Table of Contents
About the Company
The customer is a young, quickly growing US-based startup that offers AI-driven trucking logistics solutions to help its customers enhance fleet operations. The company currently operates in the United States, Canada and Mexico, and serves a fleet of 60 trucks across its customers.
The Problem
The distance matrix API the client had been using to calculate distances and ETAs for customer fleets was a bad fit for their needs. They faced two problems:
- Excessive cost
They were making heavy and frequent use of the API — to the order of millions of calls and tens of millions of distance matrix elements each month. With the API’s fixed pricing model, this was an expensive affair for the startup.
- Future threat
Inflexible pricing posed a significant risk for such an early-stage company with unpredictable growth and usage patterns. If they were to acquire more customers or have a few months of erratically high usage, costs would skyrocket instantly.

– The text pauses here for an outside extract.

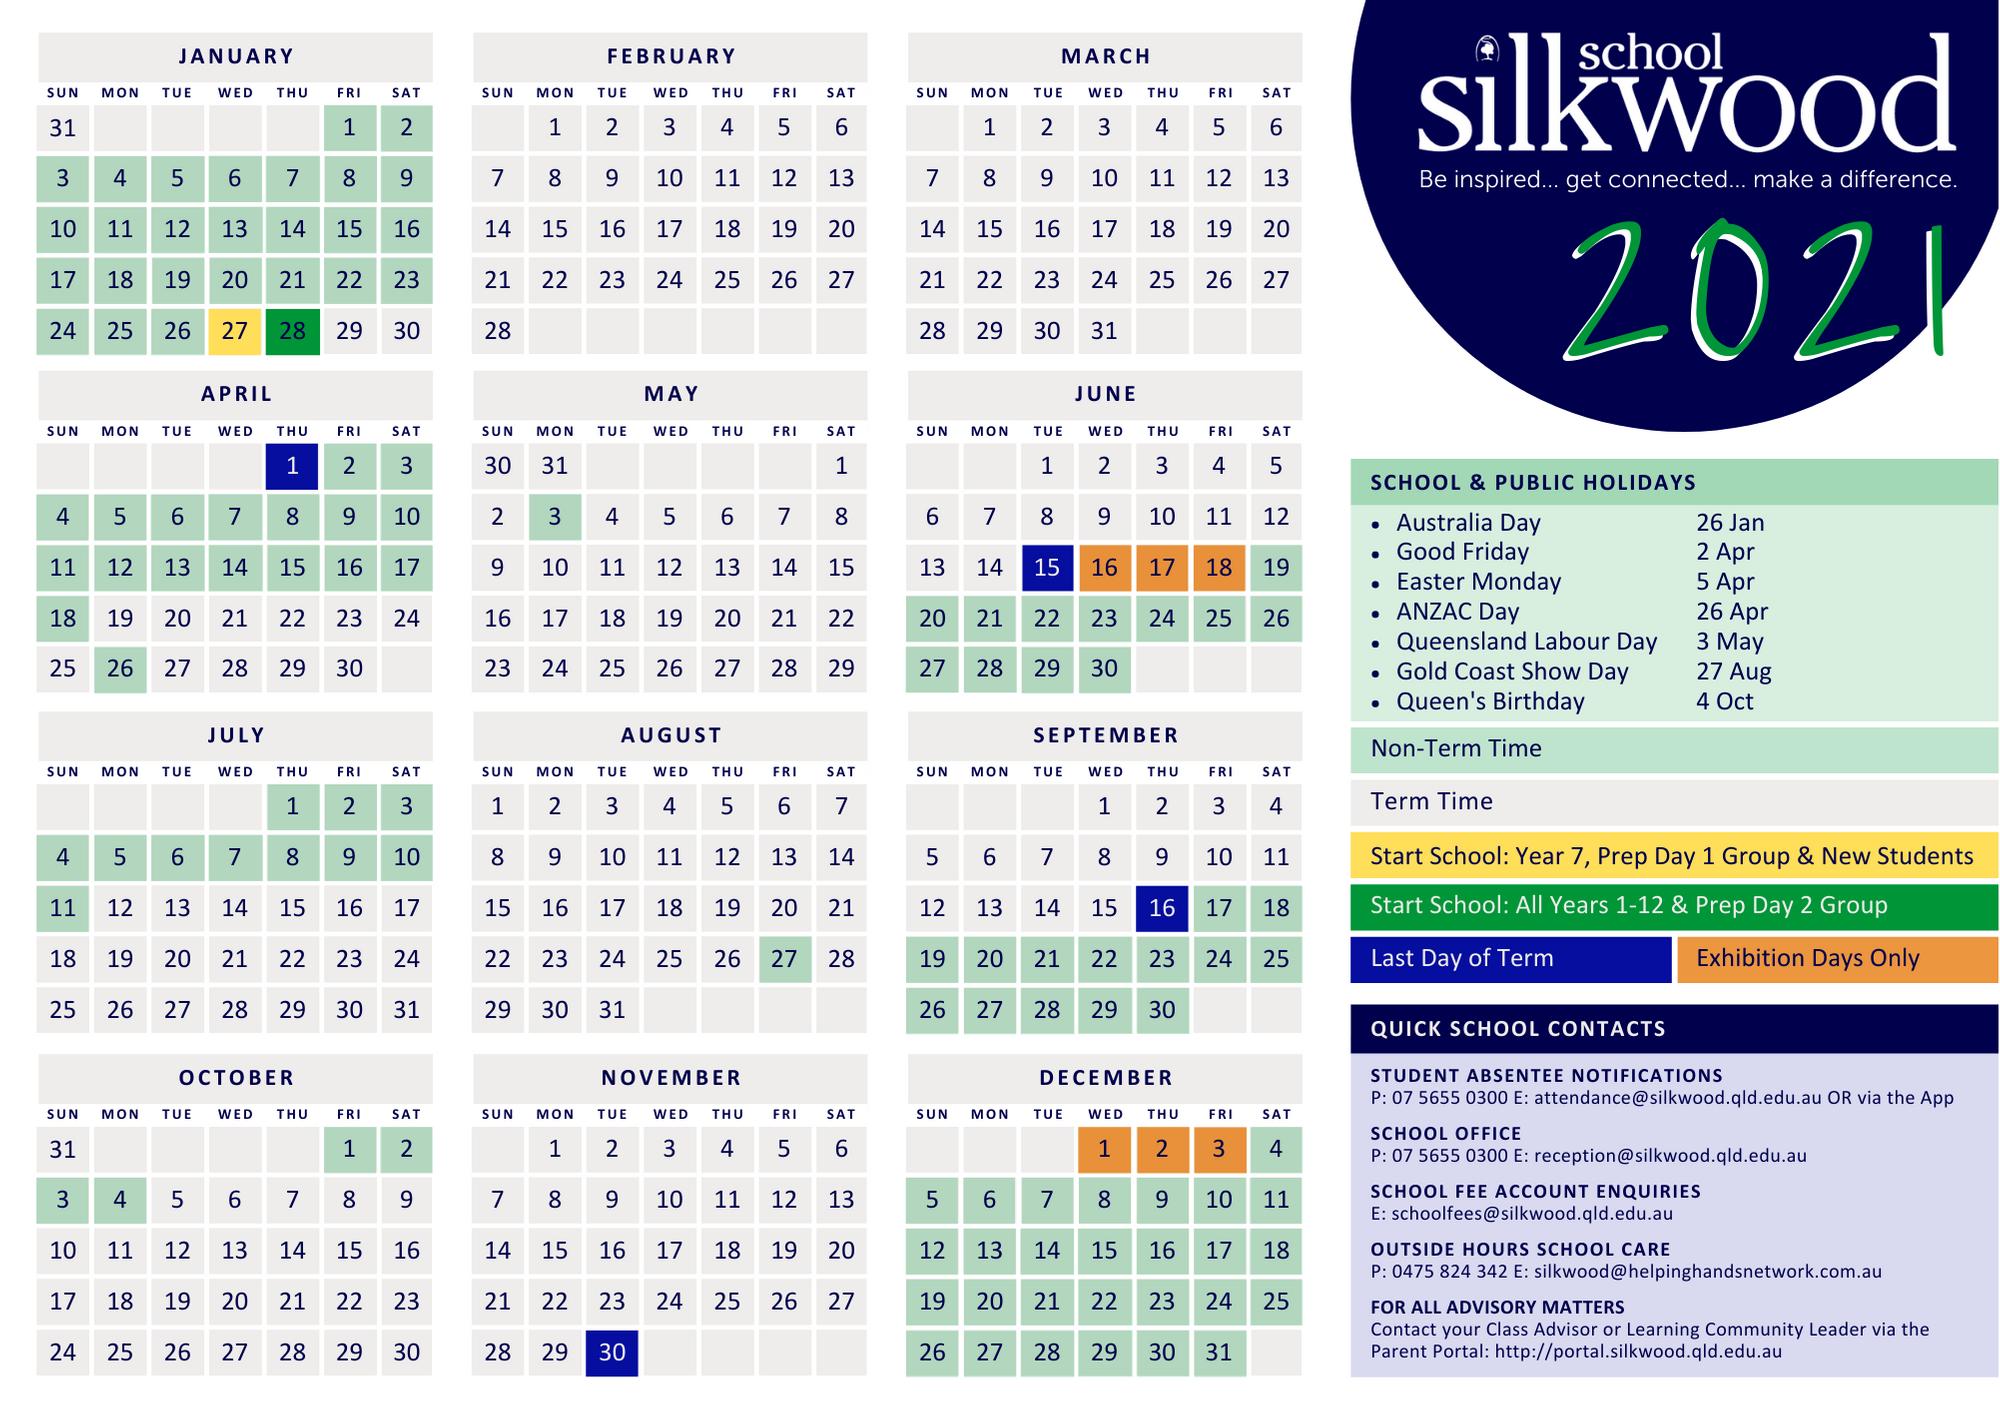 2021 Silkwood School Calendar

With it being clear that this API was ill-suited to their business needs, The client began the search for an alternative distance matrix API. Their criteria included:
- Cost efficiency
- Cost predictability
- Room for operational growth
- API response time
It wasn’t long before they found NextBillion.ai.
The Solution
When the client approached us, it was immediately apparent that NextBillion.ai’s Distance Matrix API aligned quite well with their requirements. Here’s what made the difference:
- Scalability
Most APIs offer the industry-standard 25×25 matrix size. Ours, on the other hand, supports matrices of up to 5,000×5,000 elements, enabling them to calculate ETAs and distances between 5,000 origins and 5,000 destinations in a single call! This boosted their confidence in our ability to scale up alongside them.
- Truck profiles
Unlike their existing solution, NextBillion.ai’s Distance Matrix API has truck profiles, allowing for more finely tuned and optimized truck-specific routing. Our system accounts for variables like truck dimensions, weight and type of cargo for more efficient and regulation-compliant routes.
- Customized pricing
One of the most important factors in the client’s decision was our flexibility in building a customized pricing quote that would suit them, given the expected volume of API calls. We tailored an asset-based pricing model that let them decide how many trucks would be used each month, helping accurately predict costs.
- Low latency
With the large number of API calls being made and the scope for rapid business expansion in the short term, raw speed was important to the customer. NextBillion.ai’s low-latency Distance Matrix API ensured quick responses to keep up with time-sensitive use cases and future scaling requirements.
- Ease of integration
Our APIs are easy to implement, and they play nice with other tech systems. This meant that the client would not need to overhaul their existing infrastructure or invest excessive resources to get our solution running. With just a few lines of code, they were up and running in no time.
After a brief testing period, the company was keen to move NextBillion.ai’s Distance Matrix API into their production environment. The solution was seamlessly integrated into their stack with the help of our support team, who walked the client through every step of the process and aided adoption of the API.
The Outcome
The transition to NextBillion.ai’s solution was a resounding success. With our Distance Matrix API, the client:
- Benefited from a predictable and sustainable cost structure, gained greater control over their expenses and achieved a 30% reduction in API costs.
- Has already grown their operations and are well positioned to sustainably expand even further without concern for evolving business requirements.
- Enjoyed a significant enhancement in API response times, enhancing real-time decision-making capabilities for their customers’ trucking operations.